Capacity Planning makes it clear that the ability of an organisation to deliver over the short term (three months) is based on the capacity of the constrained teams and its staff liquidity, and has little to do with the budget for the organisation as a whole.

In summary, Capacity Planning shows you where your stakeholders cannot prioritise, it shows you where initiative owners are not communicating with the teams that they need to deliver value, It shows you where capacity is in the wrong place. It does not tell you how to solve these problems, it just makes them transparent.

Metric Mapping is the process by which a Product Manager picks three or four key metrics to demonstrate the success of their product. They agree these metrics with their manager. The manager also has three or four key metrics. The manager has a portfolio of (product) metrics and they have a hypothesis that if their product managers improve their metrics, in turn their manager metrics will improve. The product managers have hypotheses that if they improve some aspect of their product, their metrics will improve.

Metric Mapping requires engineering managers to have metrics. Work that is done to improve the “non functionals” of the product. The head of engineering should also have a couple of metrics. Ideally one for customer perceived quality, and the other lead time based (actually duration or weighted lead time).

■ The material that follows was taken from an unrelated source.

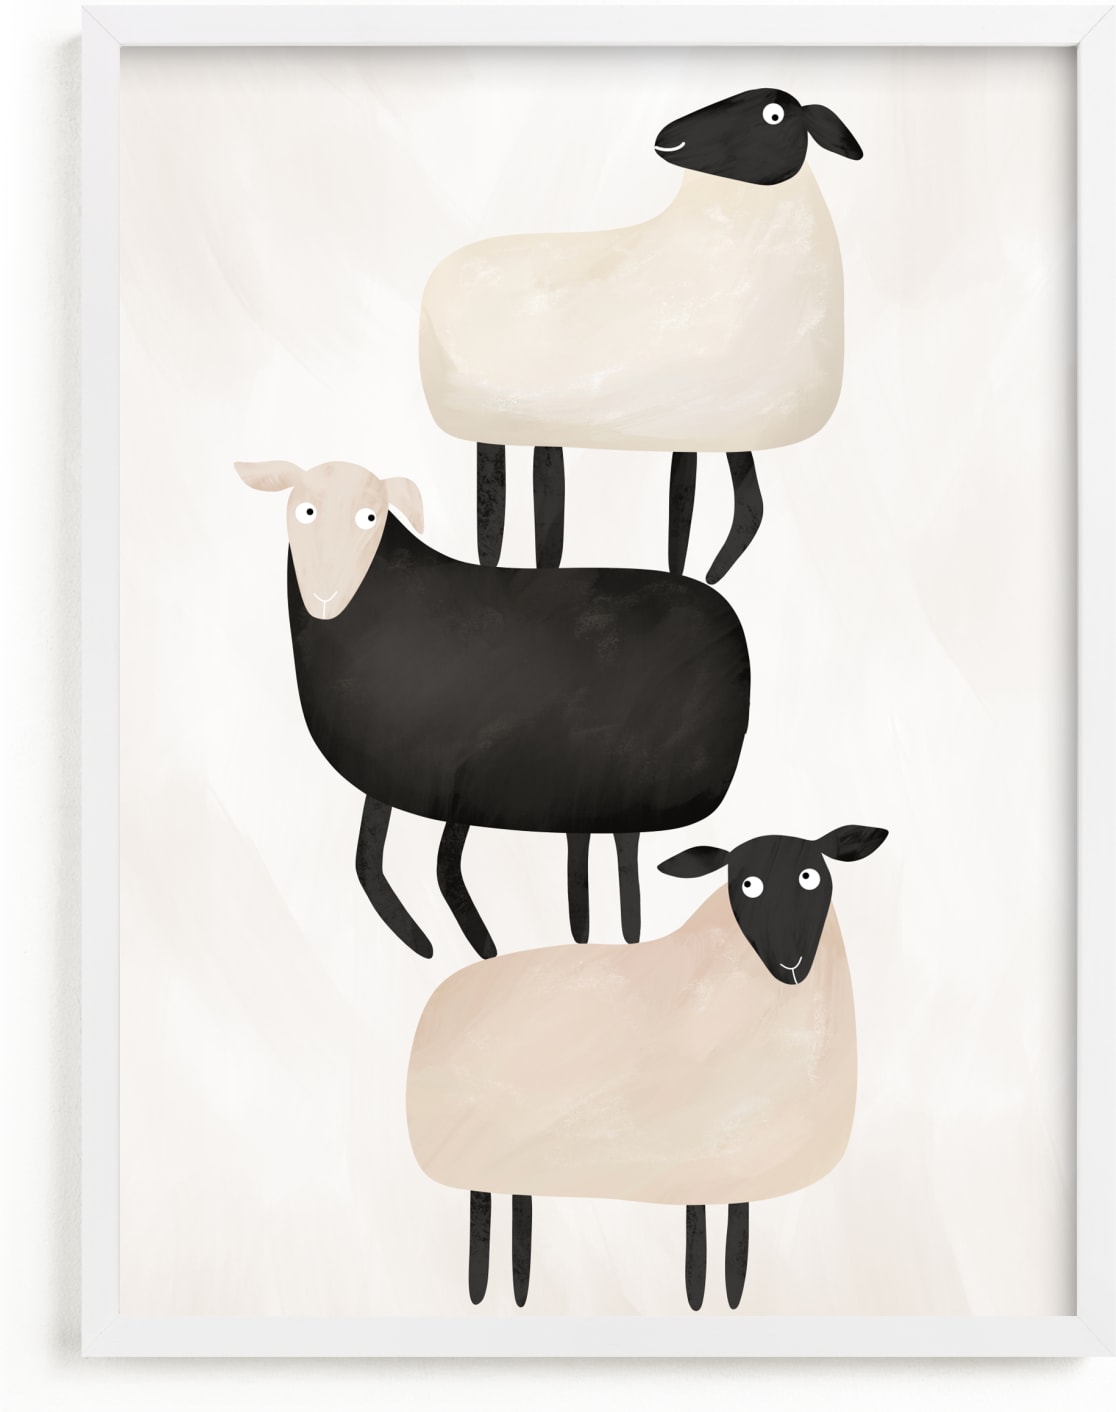 This is a white nursery wall art by Maja Cunningham called I got your back.

All work should be mapped to these metrics. This allows everyone to have a portfolio view of the investments made by the organisation and adjust investment strategies accordingly. Metric mapping does not tell you what the metrics should be. Metric Mapping does not tell you how the metrics should be chosen. Metric Mapping ensures that there are conversations between the different levels of the organisation. These conversations ensure consistency and coherence between investments and what the organisation considers success to be. The portfolio view shows where there is too much or too little investment. It does tell you how to fix this problem.

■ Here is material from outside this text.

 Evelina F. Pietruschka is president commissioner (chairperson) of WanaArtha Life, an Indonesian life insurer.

Metric Mapping allows everyone to see whether investments are coherent, and whether metrics between different levels of the organisation are coherent. For example:

  • A product manager says they are investing to reduce web site page load times to improve customer satisfaction. This is coherent.
  • A product manager says they are adding adverts to the web page to improve customer satisfaction. This is incoherent.
  • A manager has a metric to improve customer satisfaction and so agrees with their product manager that one of their metrics should be call centre call length times. This is incoherent

Managers should set goals based on their metrics. They should not set goals based on their subordinates metrics. Furthermore, they should never tell the subordinate how to improve a metric unless the subordinate asks for their advice. They can of course point out where investments to move metrics are not coherent, and they can help them to understand how to move metrics as a coach.
Metric Mapping helps organisations to see problems and incoherent investments. It allows everyone in organisation to identify investments and hypotheses that are not coherent. It does not tell you how to solve the problems.
And so Capacity Planning and Metric Mapping align with Tony Grout’s observation about Agile. Both show problems but don’t tell you how to solve them. The solution depends your context. In your context, you may form a release train to plan your work for the next quarter. Or you may bring everyone in your department into a room and ask them to self organise. Or you may use a tick list. Depending on your context, one of these solutions might be good or bad. There are however some solutions that are less likely to work than others…. We Shall Just Forget (WSJF) those.

Gaming of Weighted Lead Time

This post is in response to Kent McDonald’s excellent question on the Weighted Lead Time post. The question deserves a longer response. Kent asked… “What are some of the behavior changes you have seen from teams or organizations when they started paying attention to this metric?”

I spent over two years at Skype working on metrics at the organisational level, especially operational metrics. I learnt two key lessons:

  1. All metrics will be gamed. In fact Robert Benefield, an expert in game theory, gave the following advice. “All metrics will be gamed, when you design a metric, start with the behaviour you want and then create the metric so that when it is gamed, you get the behaviour that you want”. A variant of lead time is a great example. The easiest way to game lead time variants is to create smaller units of work which is exactly the behaviour we want.
  2. The other thing that was etched into my memory is that any individual metric can be gamed. As a result, it is necessary to create a system of metrics that provide constraints to prevent gaming.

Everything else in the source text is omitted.